How This Affects You
As business properties are reassessed, those costs will ultimately filter down to the taxpayer. It will raise the cost of doing business in a state that is already ranked as one of the nation’s worst states for businesses. Most likely, property owners will not be the ones who will ultimately pay these new tax increases. Instead, property owners will pass the costs down to their tenants through what is known as a “triple net lease”, making the tenant responsible for paying property taxes. The end result will be fewer jobs, reduced wages / hours, and an increase in the cost of goods. It would be like going in to your favorite Starbucks, and instead of being met with a friendly barista, your new interface is a computer kiosk, and your $3.95 cup of joe is now $4.95. This has far-reaching ramifications, and it will negatively impact lower income families the greatest.

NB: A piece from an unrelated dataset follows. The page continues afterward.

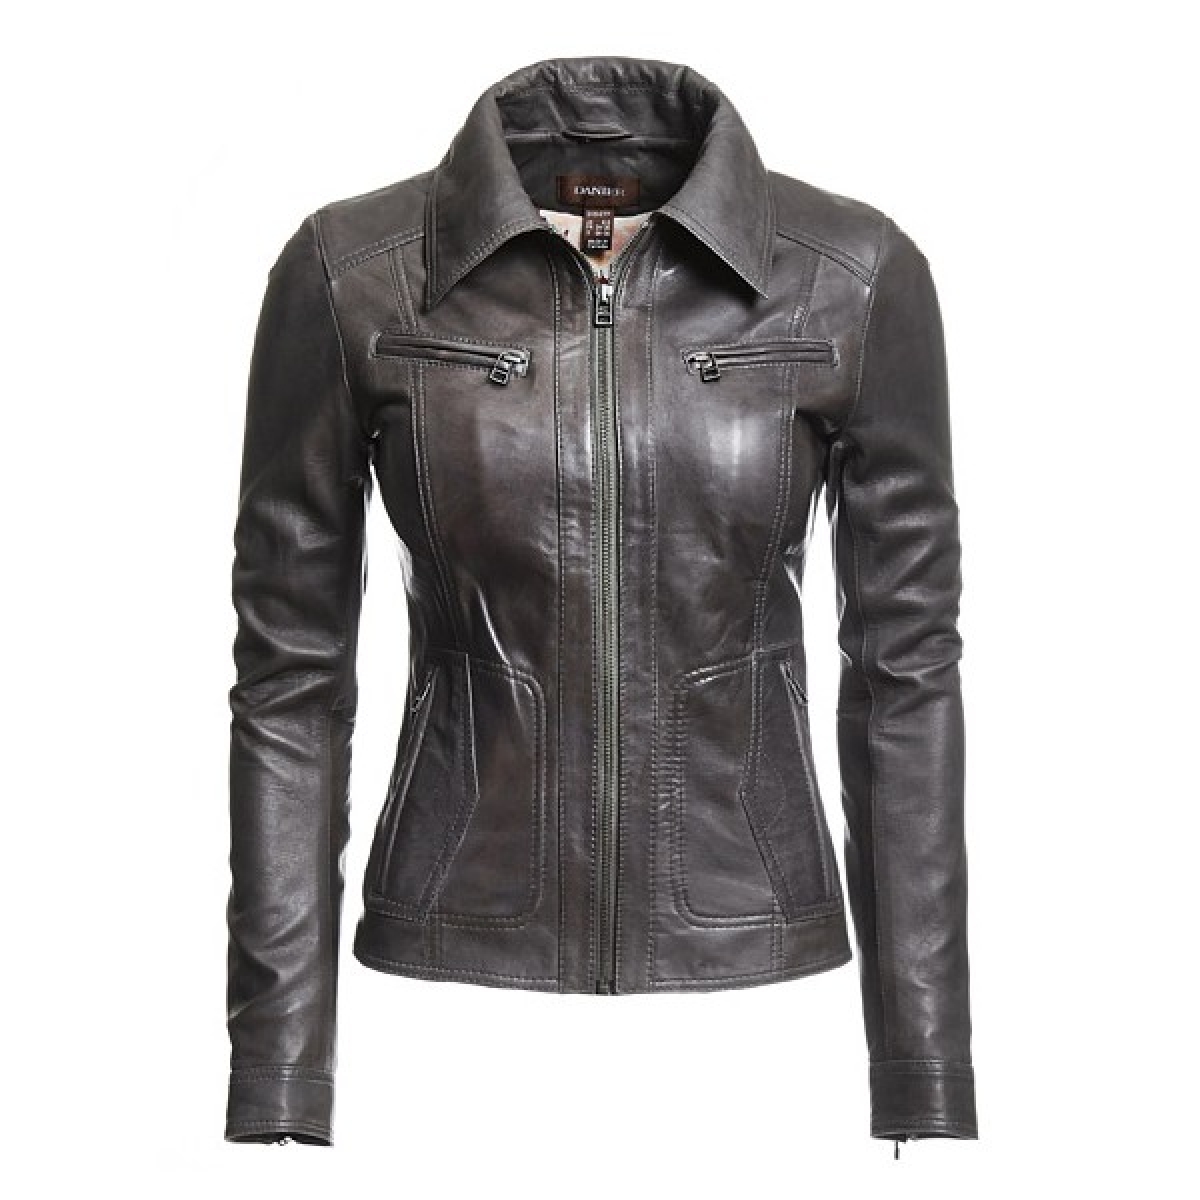 Classic-Collar Jacket - Charcoal black | Leather Jackets | Women's ...

Does our State Need More Money?
California’s 2019-2020 General Fund Budget is $144.2 billion, which is a $20 billion increase over prior year. Since the passage of Prop 13, state tax and fee revenue has increased 717%. During this time 15 major tax increases were approved by lawmakers with a 2/3 vote or passed by voters. Since Prop 26 was passed in 2010 requiring a supermajority to approve tax increases, local governmental tax and fee revenue has increased by 36.9%.
What You Can Do
Looking at this logically, it’s easy to see that once the door is open to break down part of the Prop 13 tax protection, the next step will be to target small landlords and then ultimately do away with Prop 13 altogether.
“Education is the most powerful weapon which
you can use to change the world.” – Nelson Mandela
We have one year to educate ourselves, our neighbors and friends.